An Act concerning substitution of epilepsy drugs and supplementing P.L.1977, c.240 (C.24:6E-1 et seq.).


     Be It Enacted by the Senate and General Assembly of the State of New Jersey:


     1. a.  Notwithstanding any law to the contrary, a pharmacist shall not interchange an anti-epileptic drug or formulation of an anti-epileptic drug, brand or generic, for the treatment of seizures associated with epilepsy without providing prior notification to, and obtaining the signed informed consent of, the prescribing physician and the patient, or the patient’s parent, legal guardian or spouse, as applicable.

     b.    As used in this act:

     “Anti-epileptic drug” means any drug prescribed for the treatment of epilepsy or a drug used to treat or prevent seizures.

     “Epilepsy” means a neurological condition characterized by recurrent seizures.

     “Interchange” means the substitution of one version of the same anti-epileptic therapeutic product, including a generic version for the prescribed brand, a brand version for the prescribed generic version, a generic version by one manufacturer for a generic version by a different manufacturer, a different formulation of the prescribed anti-epileptic drug, or a different anti-epileptic therapeutic drug product for the anti-epileptic product originally prescribed.

     “Seizure” means an acute clinical change secondary to a brief disturbance in the electrical activity of the brain.


     2.    This act shall take effect on the first day of the second month following the date of enactment.

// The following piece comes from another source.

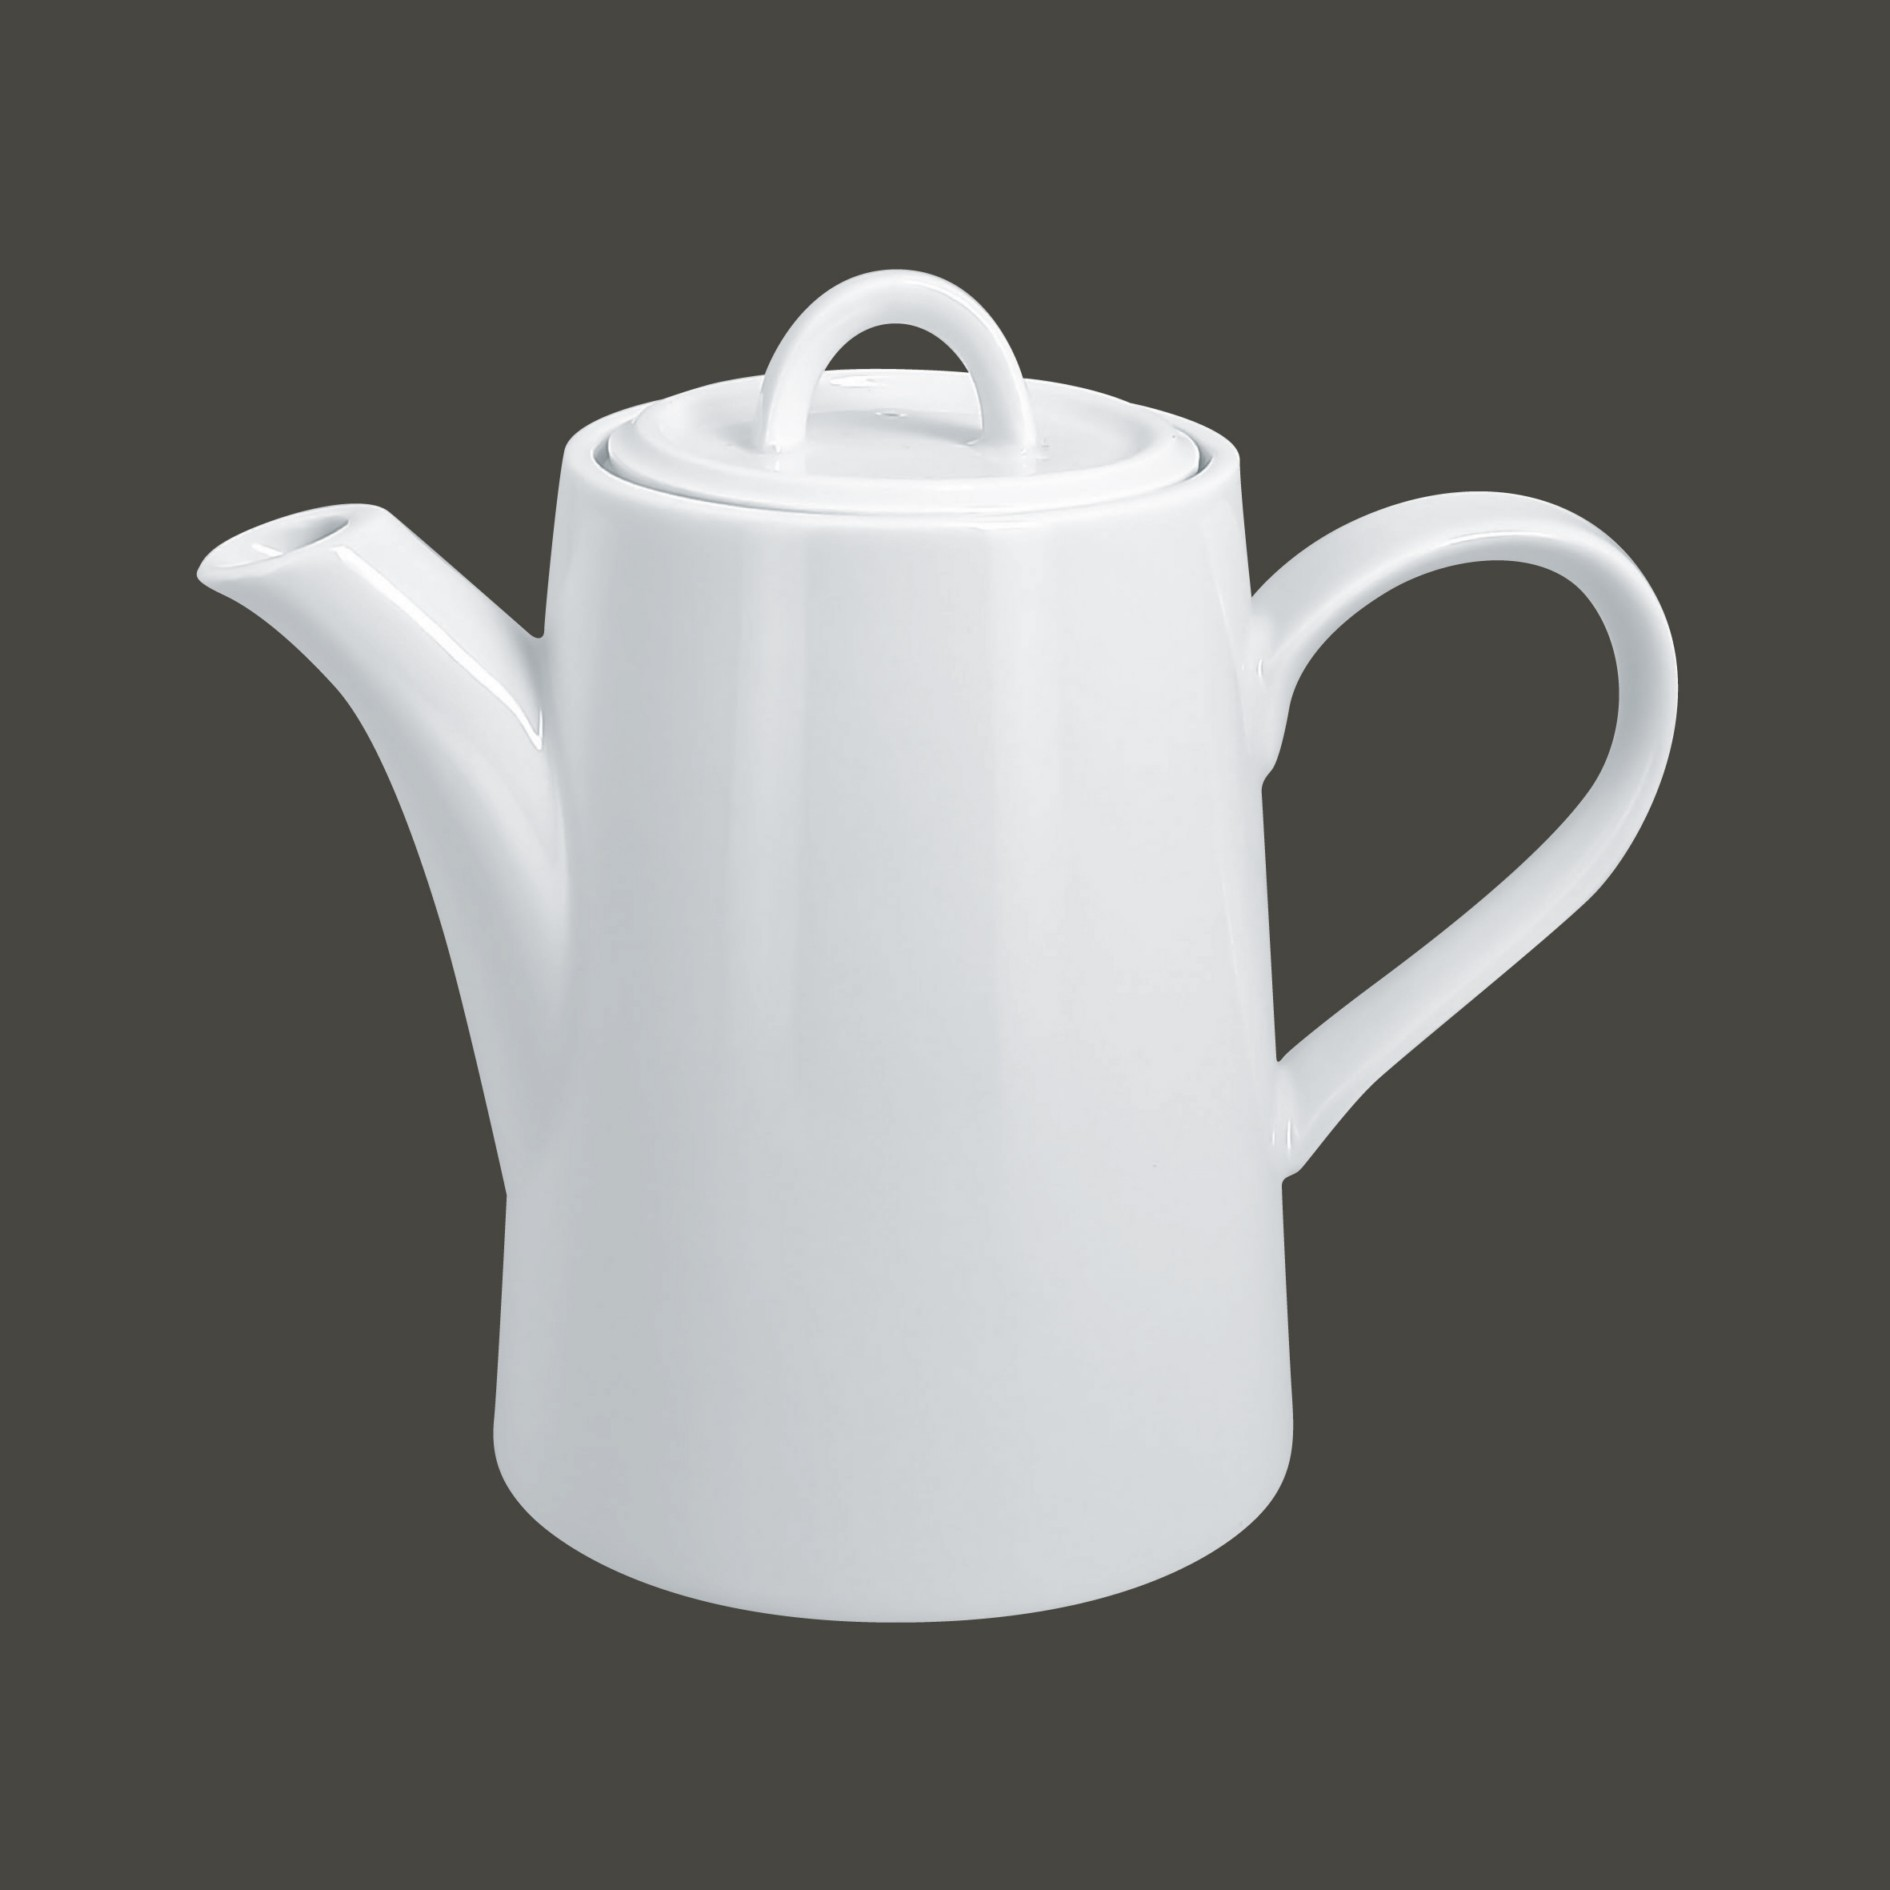 Access konvička na kávu 70 cl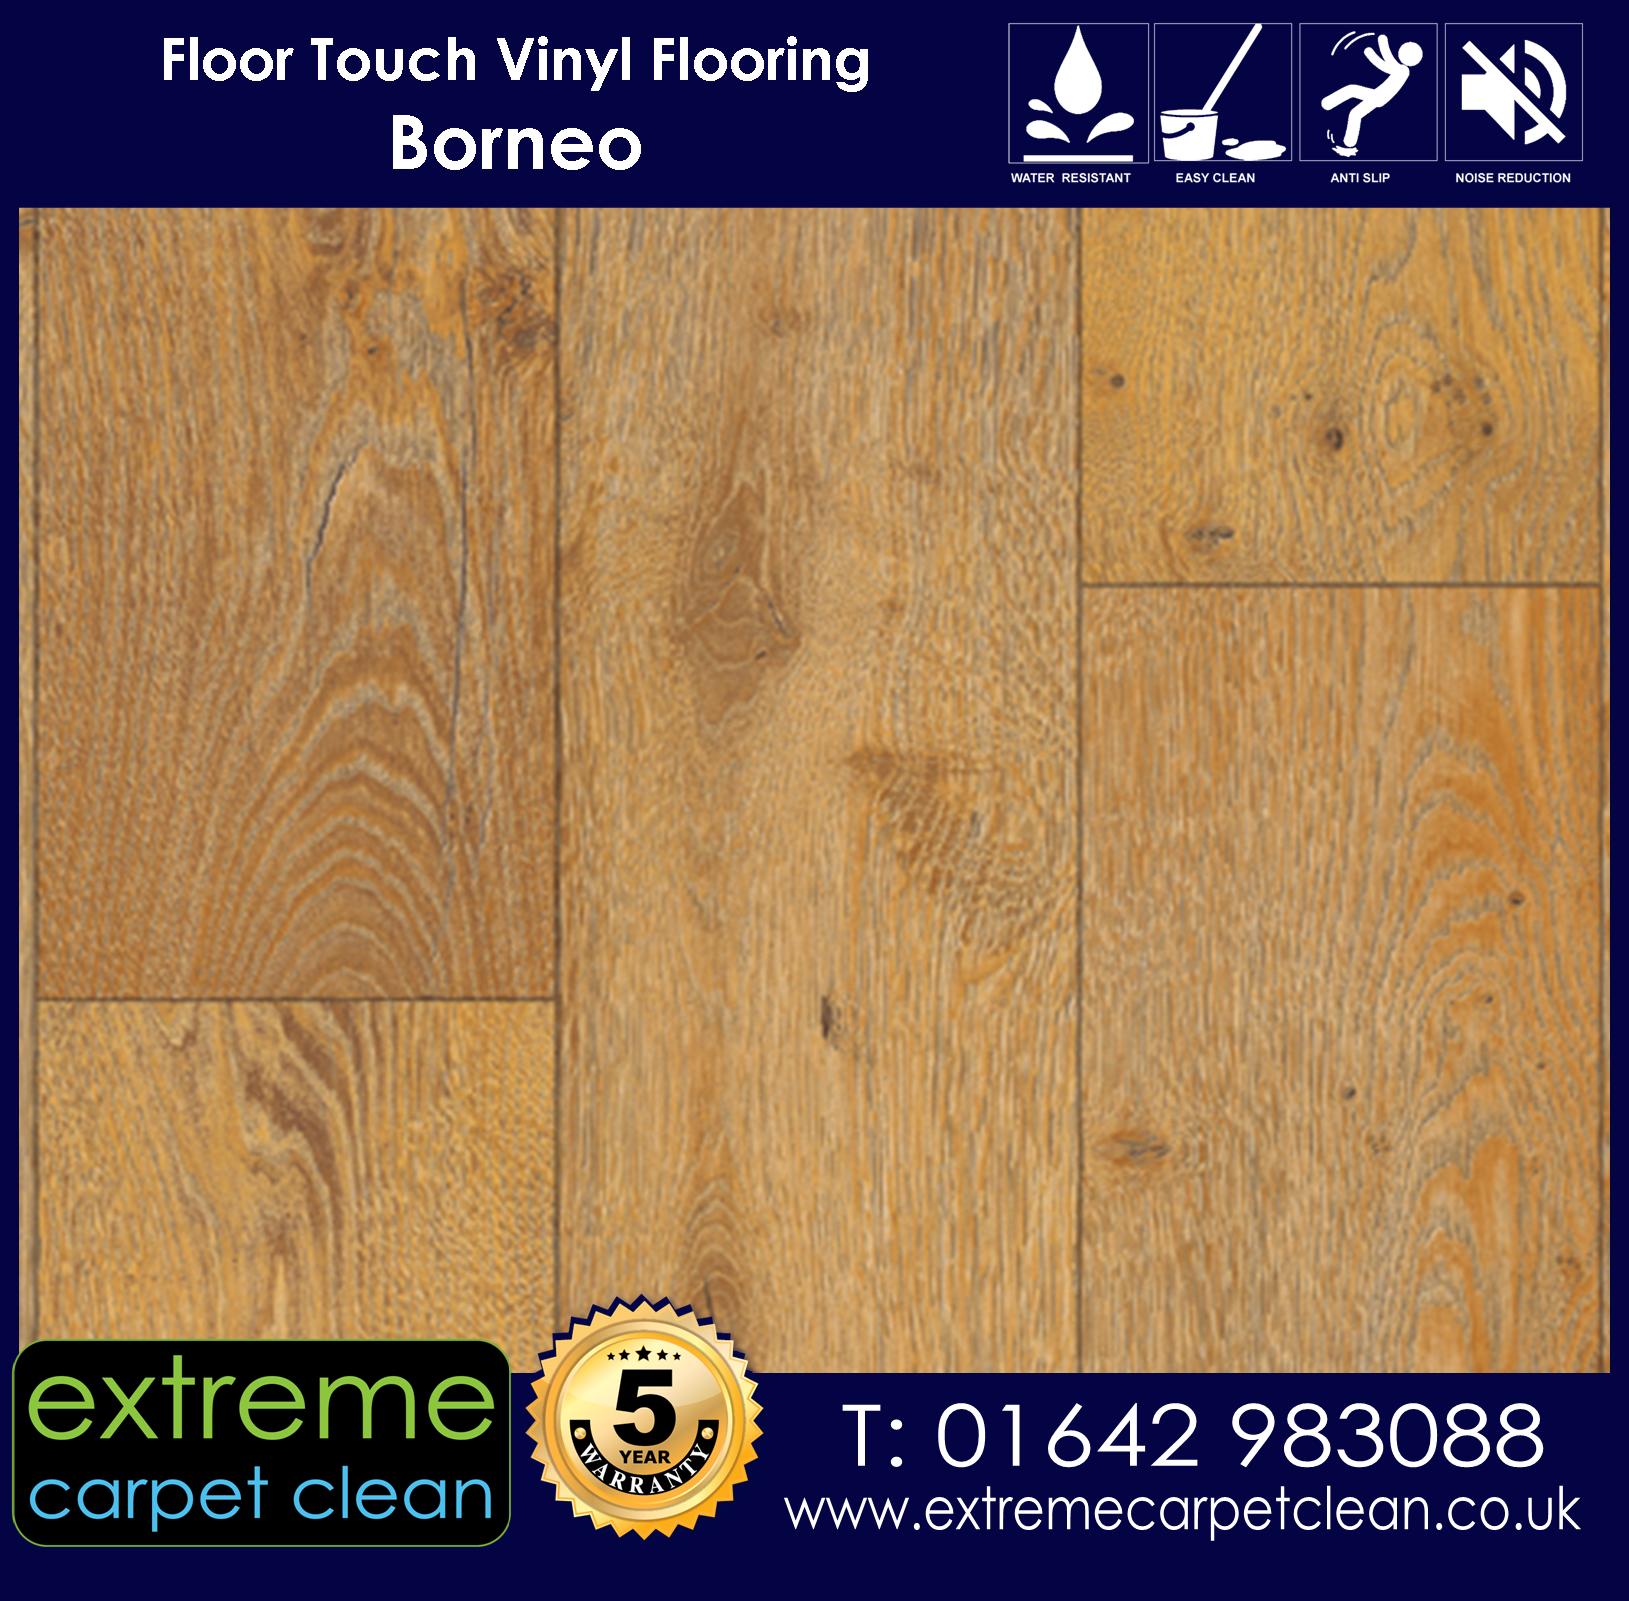 Extreme Carpet Clean. Vinyl Flooring. Borneo

     This bill prohibits pharmacists from substituting brand or generic anti-epileptic drugs prescribed to treat seizures without prior notification to, and the signed informed consent of, the prescribing physician and patient, or the patient’s parent, legal guardian or spouse, as applicable.

     Different patients respond differently to seizure control medications.  For anticonvulsant drugs, small variations in concentrations between FDA equivalent rated drugs can cause toxic effects or seizures when taken by patients with epilepsy.

     Anticonvulsant drugs for the treatment of epilepsy differ from other classes of drugs in several ways that make therapeutic or generic interchange of agents problematic.  In most patients, controlling seizures with medication requires a slow and precise dosage regulation of one or several medications.  Changing from one formulation of a drug to another can usually be accomplished, and risks minimized, if physicians and patients monitor blood levels, seizures, and toxicity.

     Pharmacists do not have access to the patient’s complete medical history and may not know why a particular drug product was prescribed.  While pharmacists are a vital part of the health care team, documented consent should be obtained from both the treating physician and the patient prior to any substitution in anticonvulsant medication in the case where the prescribing physician does not check “do not substitute” on the prescription.